Arabamdayım. Yol uzun. Radyom açık. Derken bir türkü çalmaya başladı. Orhan Hakalmaz'ın söylediği bir türkü;
Ankara'da yedim taze meyveyi
Boşa çiğnemişim yalan dünyayı
Kesin'den düşsünler benim künyeyi
Söyleyin anama anam ağlasın
Anamdan gayrisi yalan ağlasın
Trene bindim de tren salladı
Zalım doktor ciğerime elledi
İyi olursun diye köye yolladı
Söyleyin anama anam ağlasın
Anamdan gayrisi yalan ağlasın
Bu türküyü dinlerken yıllarca Ankara hastanelerinde karşılaştığım manzaralar gözümün önünde canlandı. Bir oda düşününün beyaz badanalı, içinde demir bir karyola, ilaç kokuları sinmiş bir yer. Soğuk ve iticidirler. İçinde hasta olmak için yapılmışlar, iyileşmek için değil. Yatağın yanında bir sehpa veya etajer vardır. Üzerinde ziyaretçilerin getirdiği birkaç poşet, içlerinde genellikle portakal veya elma olur. Varsa bir de kolonya.

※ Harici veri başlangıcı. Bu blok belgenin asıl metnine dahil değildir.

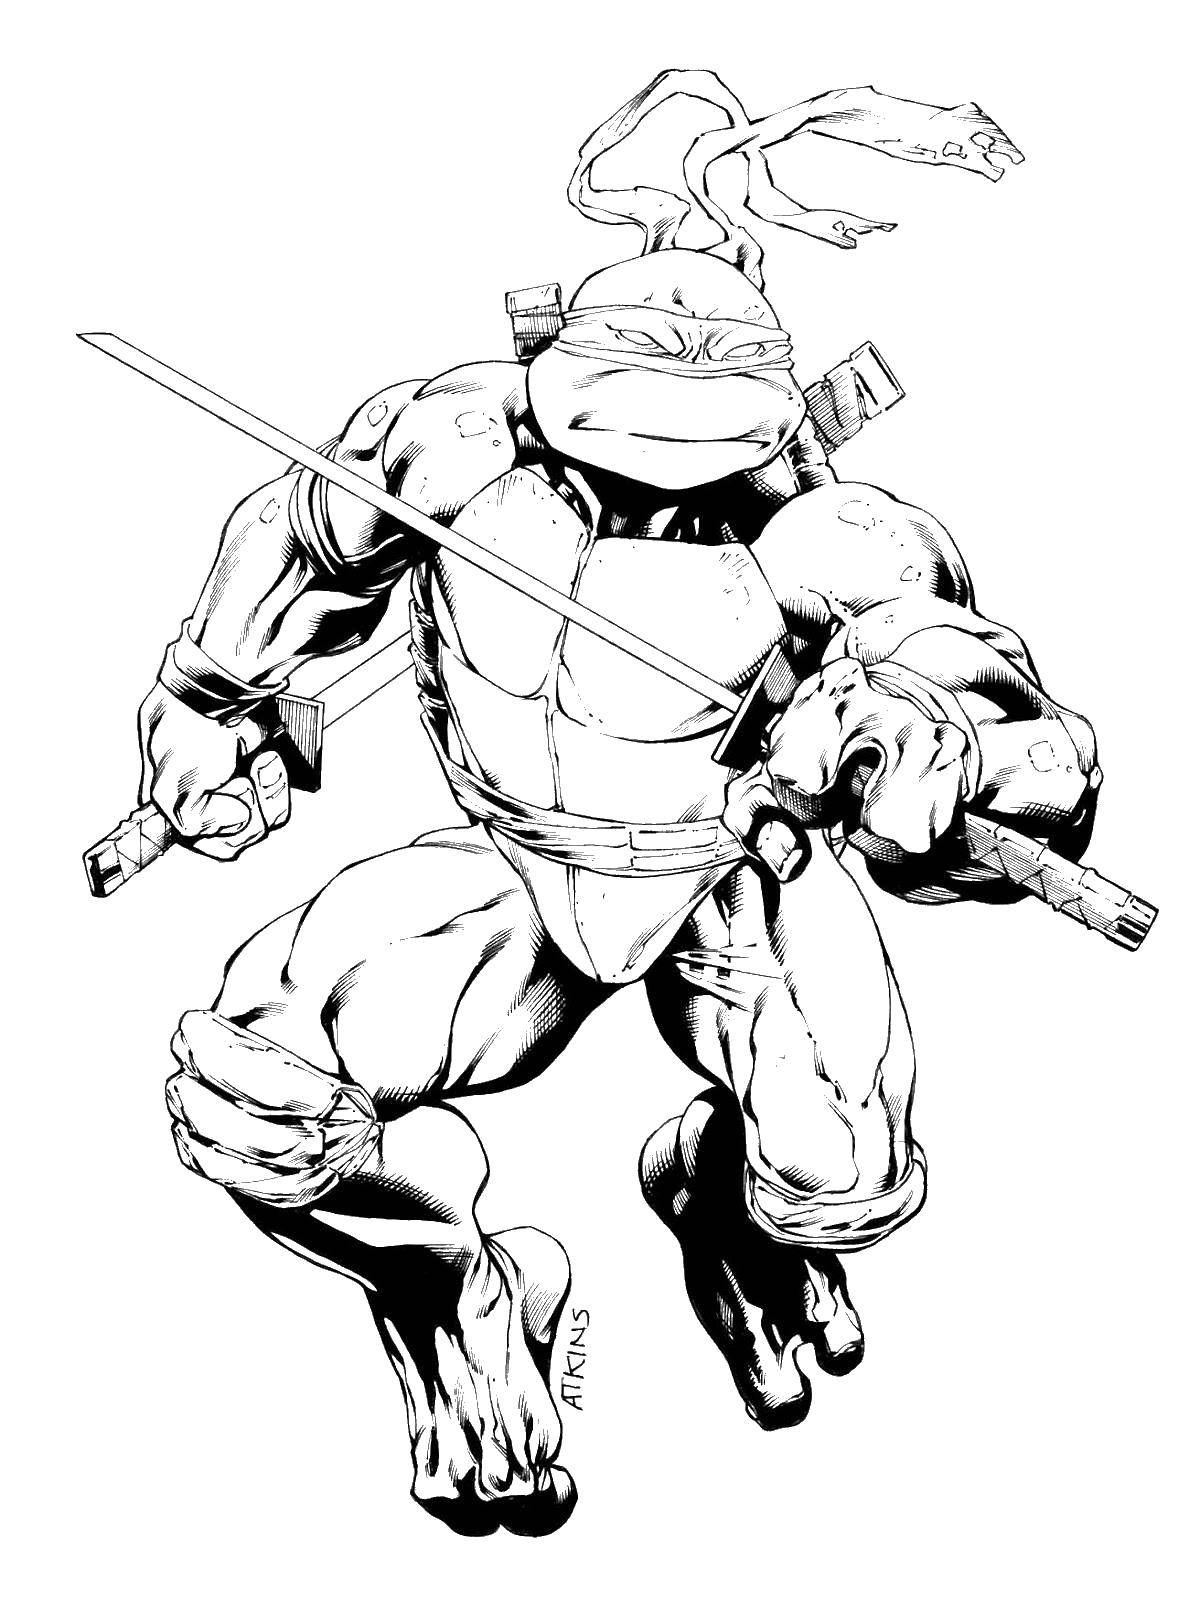 Coloring Leonardo with sword. Category teenage mutant ninja turtles. Tags:  the turtle, Leonardo, sword.

Keskin'den gelmiş benzi soluk hasta elmadan bir dilim alır, ağzında elmanın verdiği tadla birlikte, hayattan kopartılmışlığı temsil eden o odada yapyalnızdır. San ki hastalığını daha derinden hissetsin istenir gibi... Çaresizliğini anlar ve ölümü hisseder. Künyesinin silinme vaktidir.
Hastaneden köye dönüş trenle olur. Gerçekten de trenle olur. Tren Sıhhiye semtinin tam ortasından ve hastanelerin önünden geçer. Tedavi olmamıştır. Ama köye gidiyordur. Kaçınılmaz sonu hissederek gider. Hastanede çaresizliğini görmüştür. Çaresizlik, umutsuzluk ve yalnızlık iç içe... Köye ölümü beklemeye döner...
Anadolu'da hastane hikâyeleri genellikle dram hikâyeleri olur... Analardan şefkat ve ağıt beklenir, Doktorlara ise hep sitem vardır.